Michael L. Harris, Office of Federal Public Defender, Kansas City, KS, for Defendant.

MEMORANDUM & ORDER

John W. Lungstrum, United States District Judge

In June 2007, defendant Timothy Joe James pled guilty to the offense of being a felon in possession of firearms and ammunition in violation of 18 U.S.C. § 922(g)(1). The Presentence Investigation Report (PSR) determined that Mr. James was eligible for sentencing under the Armed Career Criminal Act (ACCA), which authorizes an enhanced penalty for a person who violates § 922(g) and has three previous convictions for crimes that meet the definition of a “violent felony.” See 18 U.S.C. § 924(e). Specifically, the PSR determined that Mr. James, in 1983, pled guilty to three separate counts of second-degree burglary under Missouri law. At sentencing, the court overruled Mr. James' objections relating to the application of the ACCA and imposed the ACCA's mandatory minimum 15-year sentence.

Mr. James argued that his burglary convictions were not committed on “occasions different from one another” as required by the ACCA. The court overruled that objection and the Tenth Circuit affirmed that ruling. United States v. James , 303 Fed.Appx. 632, 638–39 (10th Cir.2008).

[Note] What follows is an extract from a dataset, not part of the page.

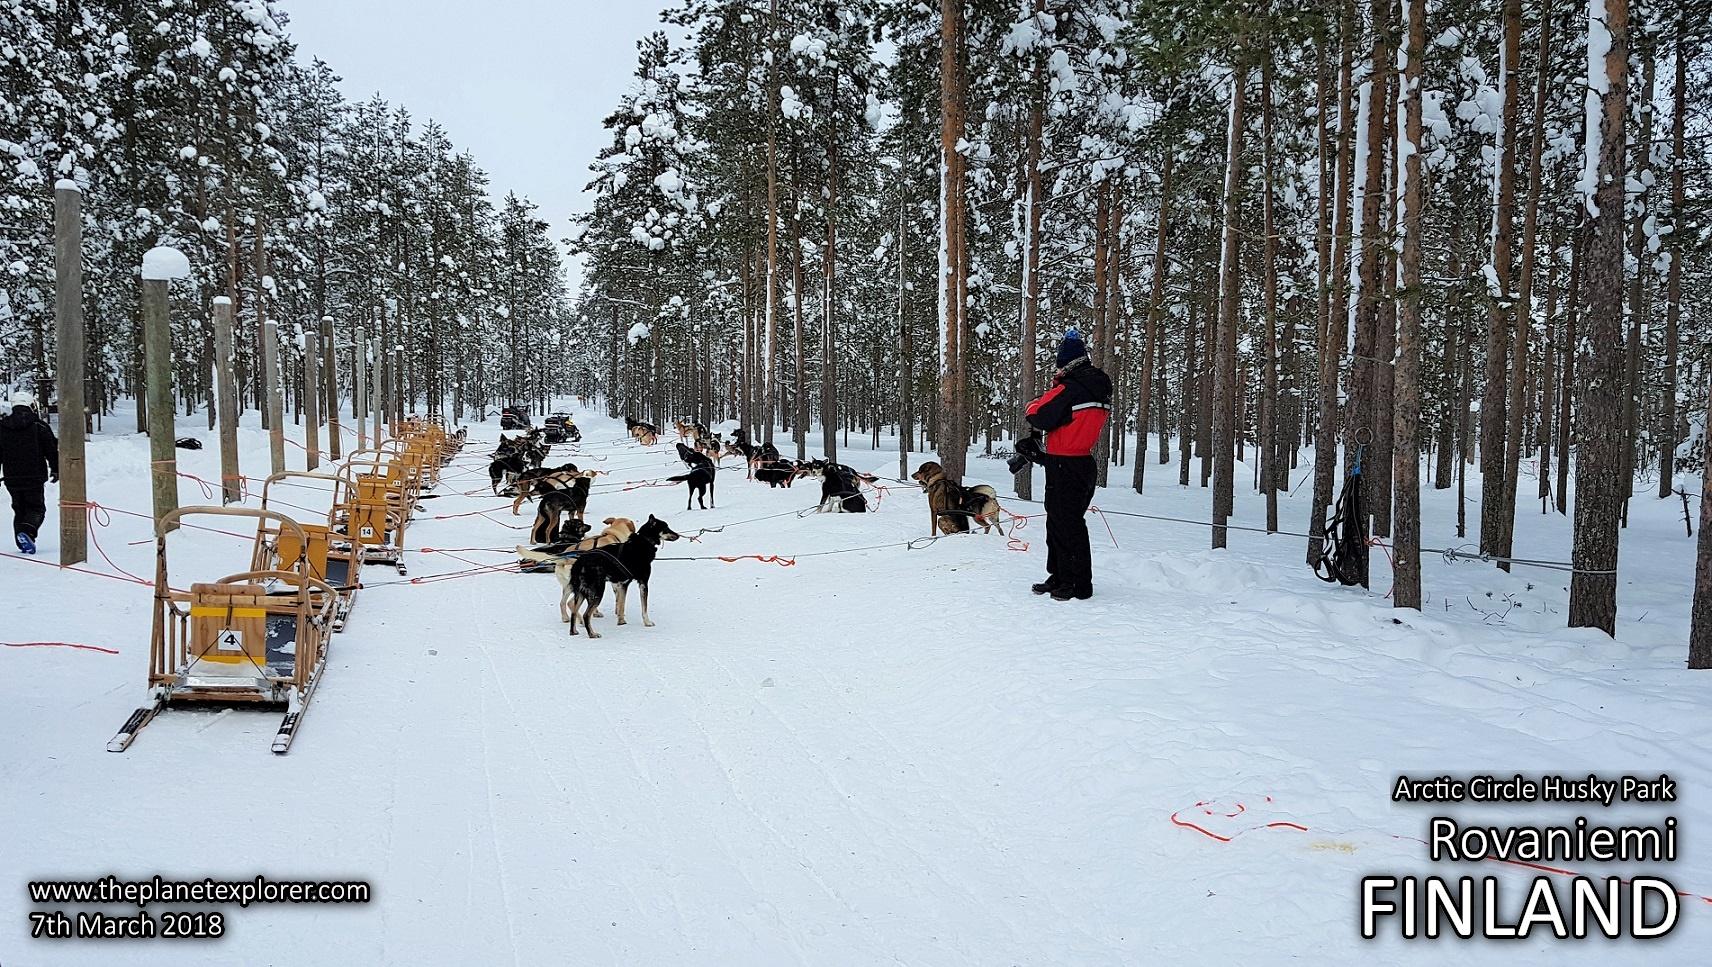 20180307_1305_Finland_Rovaniemi_Arctic Circle Husky Park_Samsung Note 8_LR_@www

This matter is now before the court on Mr. James' motion to vacate, set aside or correct his sentence pursuant to 28 U.S.C. § 2255. In support of his motion, Mr. James contends that, in light of Johnson v. United States , –––U.S. ––––, 135 S.Ct. 2551, 192 L.Ed.2d 569 (2015), his burglary convictions no longer qualify as violent felonies for purposes of the ACCA and the court must vacate his sentence. As will be explained, the motion is granted.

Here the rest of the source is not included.